Descent-based slavery describes a situation where people are born into slavery
because their ancestors were captured into slavery and their families have 'belonged' to the
slave-owning families ever since. Slave status is passed down the maternal line.
About 600,000 slaves were transported to America, or 5% of the 12 million slaves taken from
Africa. About 310,000 of these persons were imported into the Thirteen Colonies before 1776:
40% directly and the rest from the Caribbean. Slaves transported to America: 1620–1700.....21,000.
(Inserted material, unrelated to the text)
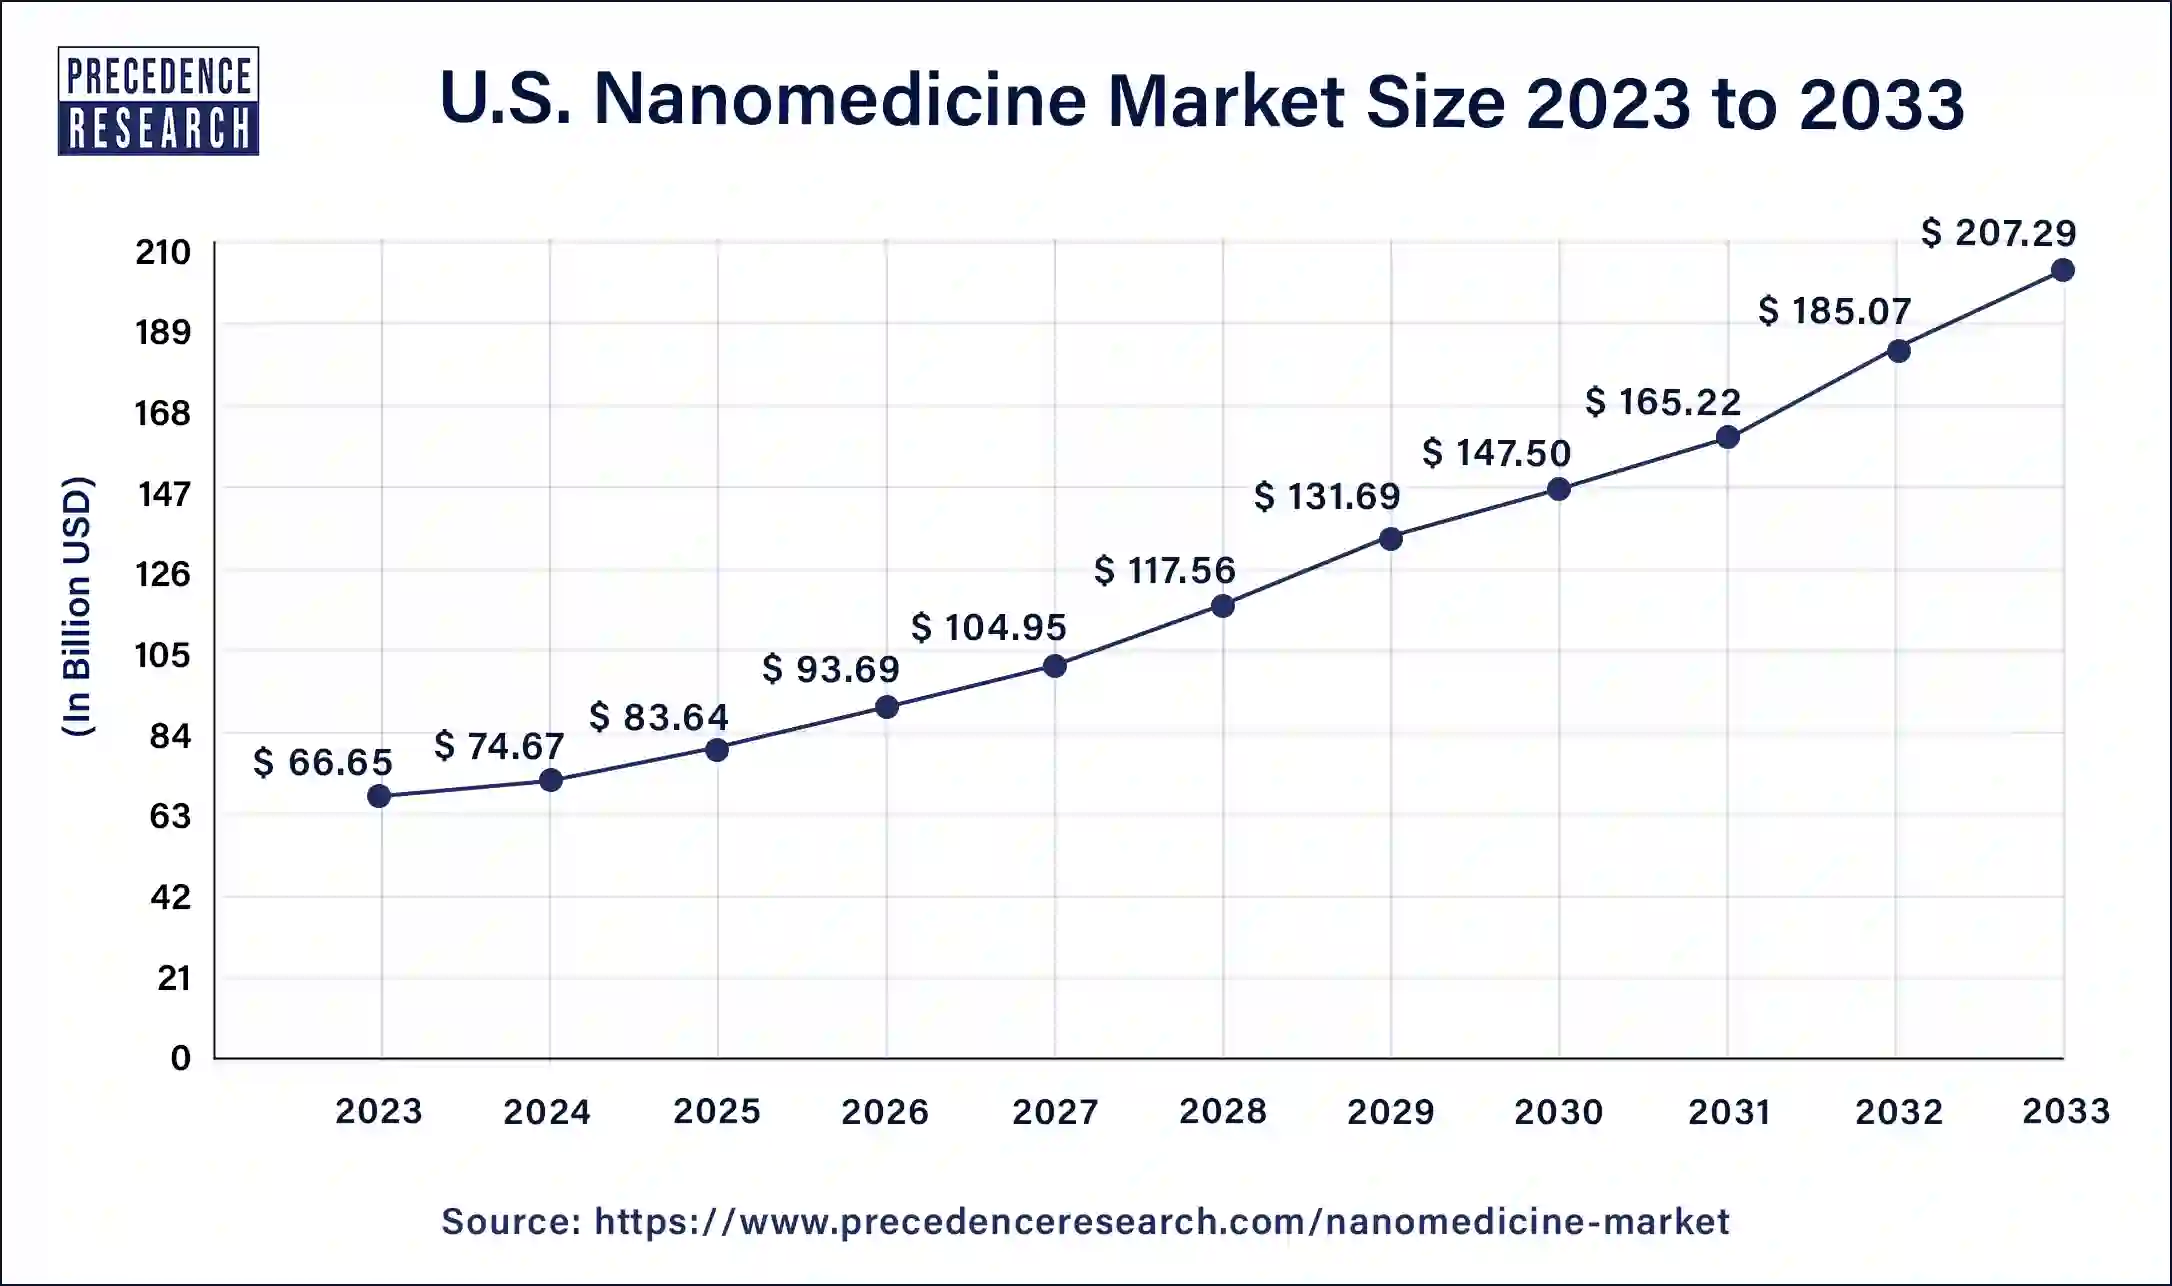 U.S. Nanomedicine Market Size 2024 to 2033

Weekly food rations -- usually corn meal, lard, some meat, molasses, peas, greens, and flour --
were distributed every Saturday. Vegetable patches or gardens, if permitted by the owner,
supplied fresh produce to add to the rations. Morning meals were prepared and consumed at
daybreak in the slaves' cabins.
Some say that children were forced to perform field labor duties as young as the age of six. It
is argued that in some areas children were put to "regular work in the antebellum South" and it
"was a time when slaves began to learn work routines, but also work discipline and related
punishment".
Slaves were punished by whipping, shackling, hanging, beating, burning, mutilation, branding,
rape, and imprisonment. Punishment was often meted out in response to disobedience or perceived
infractions, but sometimes abuse was performed to re-assert the dominance of the master
(or overseer) over the slave.
In some African-American communities, marrying couples will end their ceremony by jumping over a
broomstick, either together or separately. This practice is well attested for as a marriage
ceremony for slaves in the Southern United States in the 1840s and 1850s who were often not
permitted to wed legally.
President Abraham Lincoln signed the District of Columbia Emancipation Act on April 16, 1862,
freeing the district’s 3,100 slaves. The legislation was hint of slavery’s coming death in the
United States — only 8 1/2 months later Lincoln issued his Emancipation Proclamation. The United
States of America abolished slavery in 1865 with the 13th Amendment to the U.S. Constitution.
At the close of the Civil War, 4 million people in the United States were slaves. More than one
million were children under the age of sixteen. When slavery was finally abolished on January 31,
1865, the system had endured for about 235 years. Over that period of time, millions of children,
taken away from Africa or born in America, had been forced to live under a barbaric system.
The children who grew up in slavery were denied the most basic human rights, such as freedom,
safety, protection from degrading and cruel treatment, compensation for work done, education,
equality and the right to freely move around. They worked for no pay and were property that could
be bought, sold, maimed or killed. In the eyes of their families, however, they were children
like any others, who needed love, protection, happiness, and education. But the enslaved parents
had no say in their children´s fate. All they could do was give them as much physical and
moral comfort as possible, and provide them with skills to help them survive.